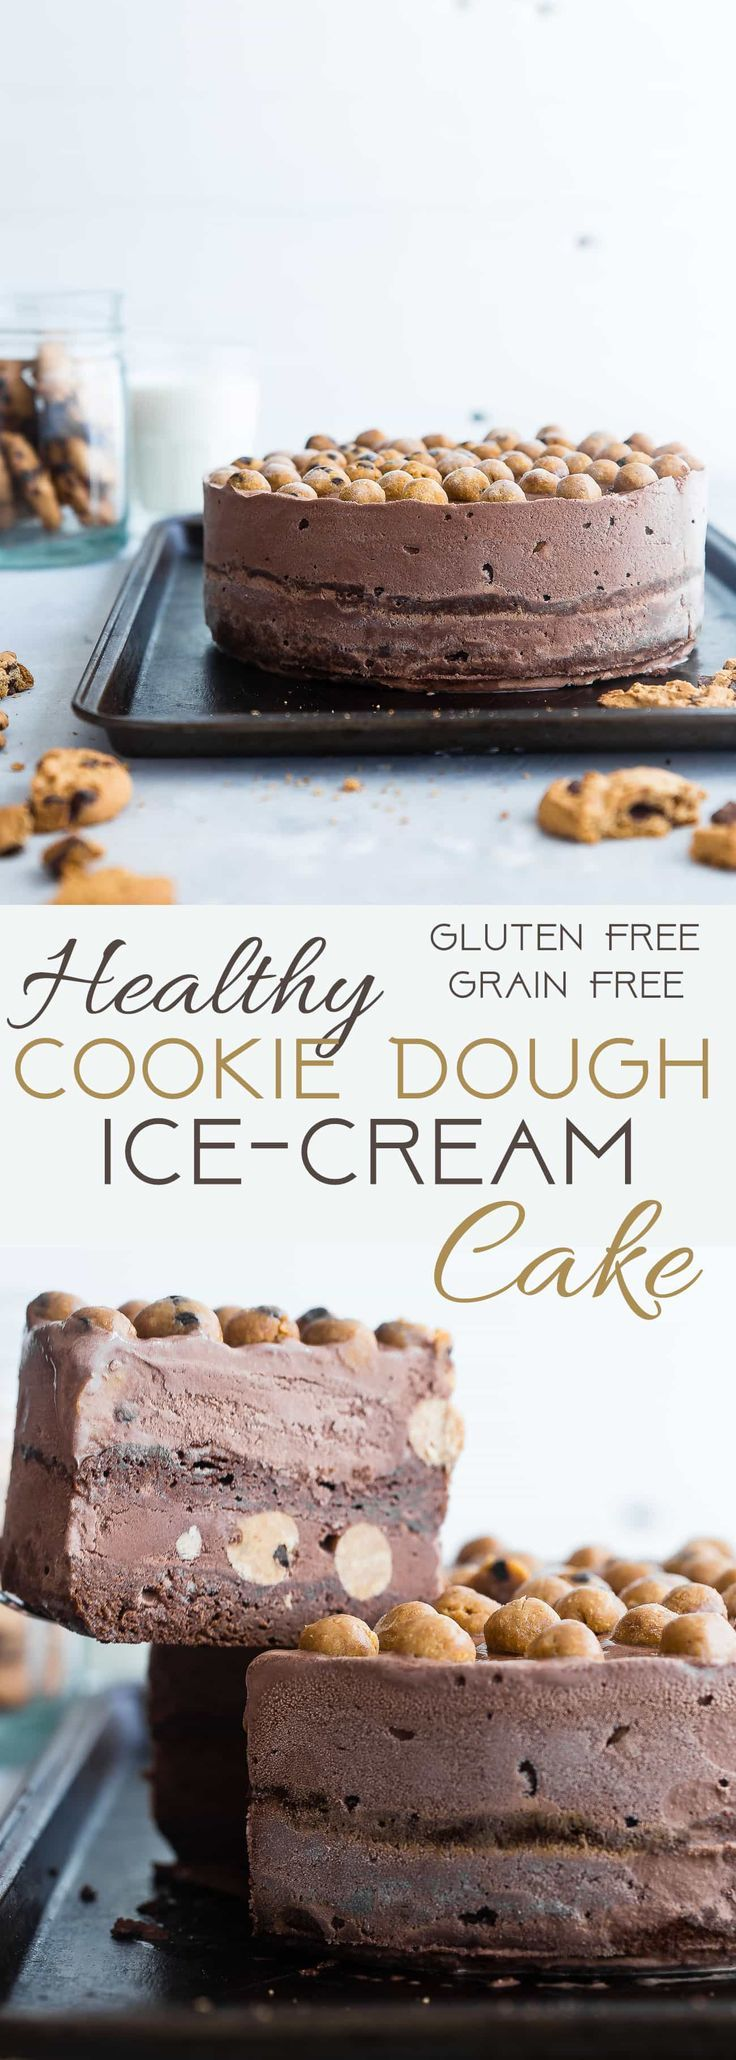 Healthy Cookie Dough Ice Cream Cake -This easy homemade ice cream cake uses healthy chocolate ice cream and bites of chickpea cookie dough for a grain and gluten free, lighter dessert that everyone will love! | Foodfaithfitness.com | @FoodFaithFit via @FoodFaithFit
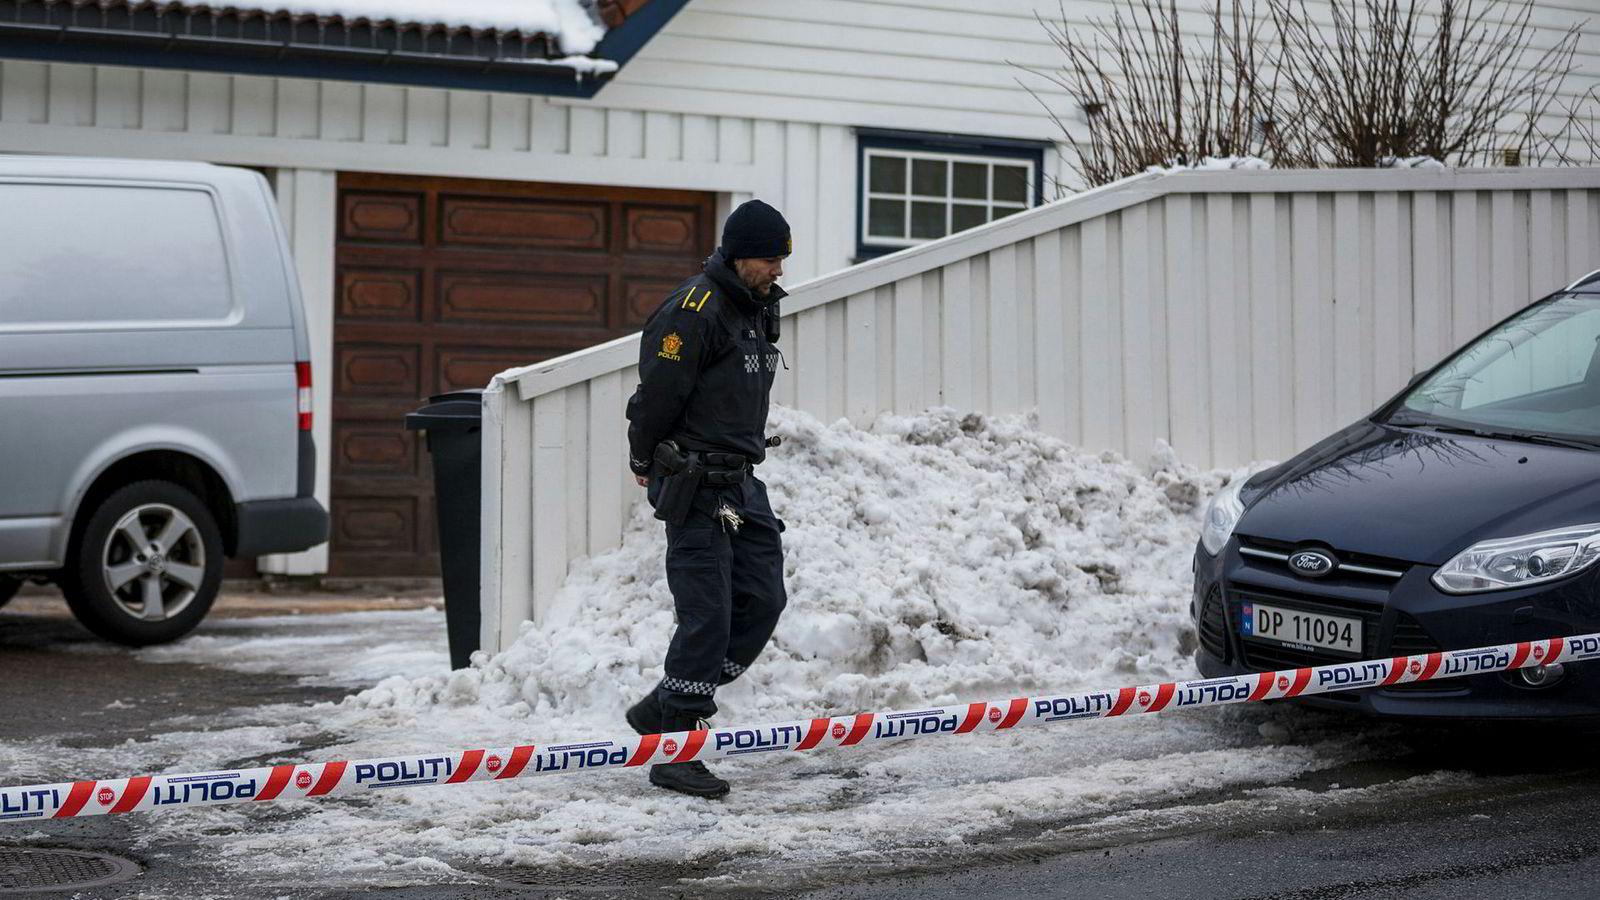 Mens dramaet om justisministeren fylte norske medier, fylte den europeiske menneskerettsdomstol (EMD) 60 år.
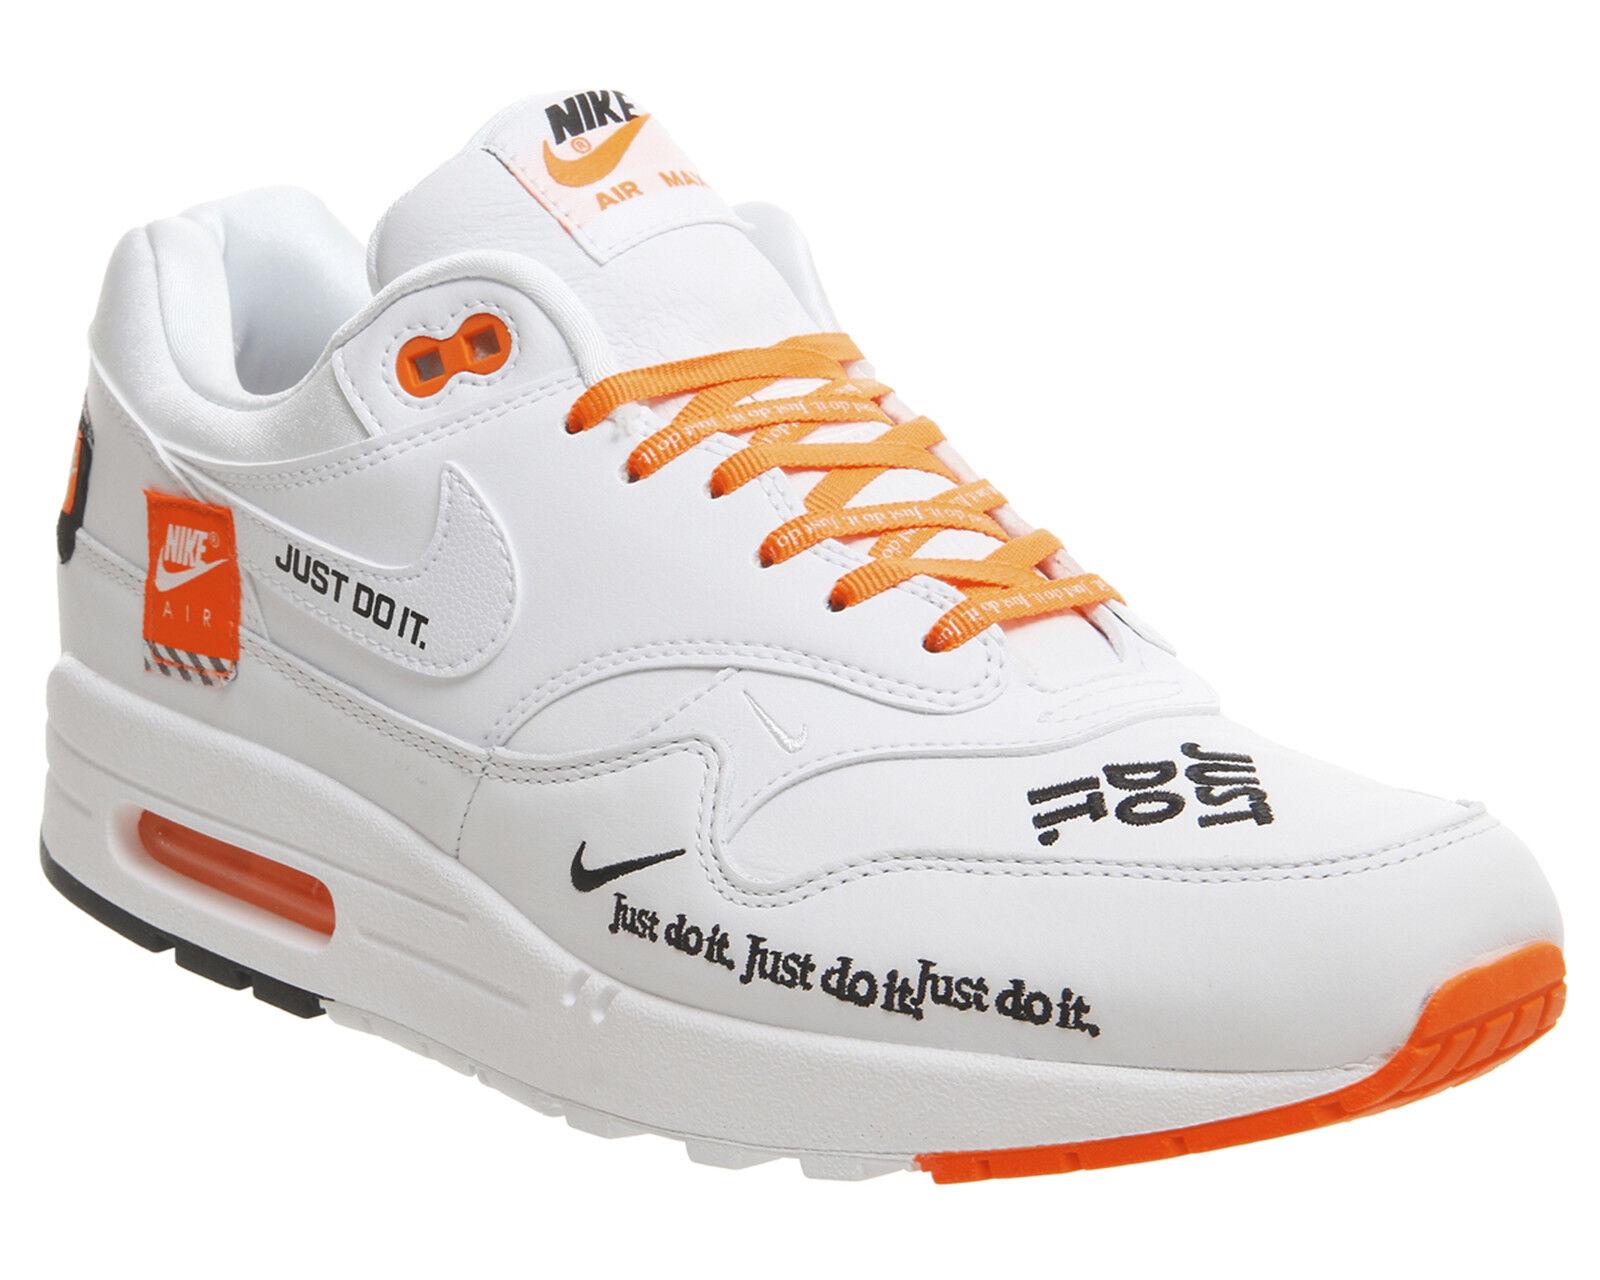 Nike AIR MAX 1 LX IT UK JUST DO 12 Bianco Bianco 12 Arancione am1 Multiuso Nuovo di Zecca b4d767

* [TASK BRIEF]: With the pictures omitted, write out exactly the lines from the one that contains "Mens dramaet om" through the final line of the material above, both ends included.

* [COMPLETED TASK]:
 Mens dramaet om justisministeren fylte norske medier, fylte den europeiske menneskerettsdomstol (EMD) 60 år.
 Nike AIR MAX 1 LX IT UK JUST DO 12 Bianco Bianco 12 Arancione am1 Multiuso Nuovo di Zecca b4d767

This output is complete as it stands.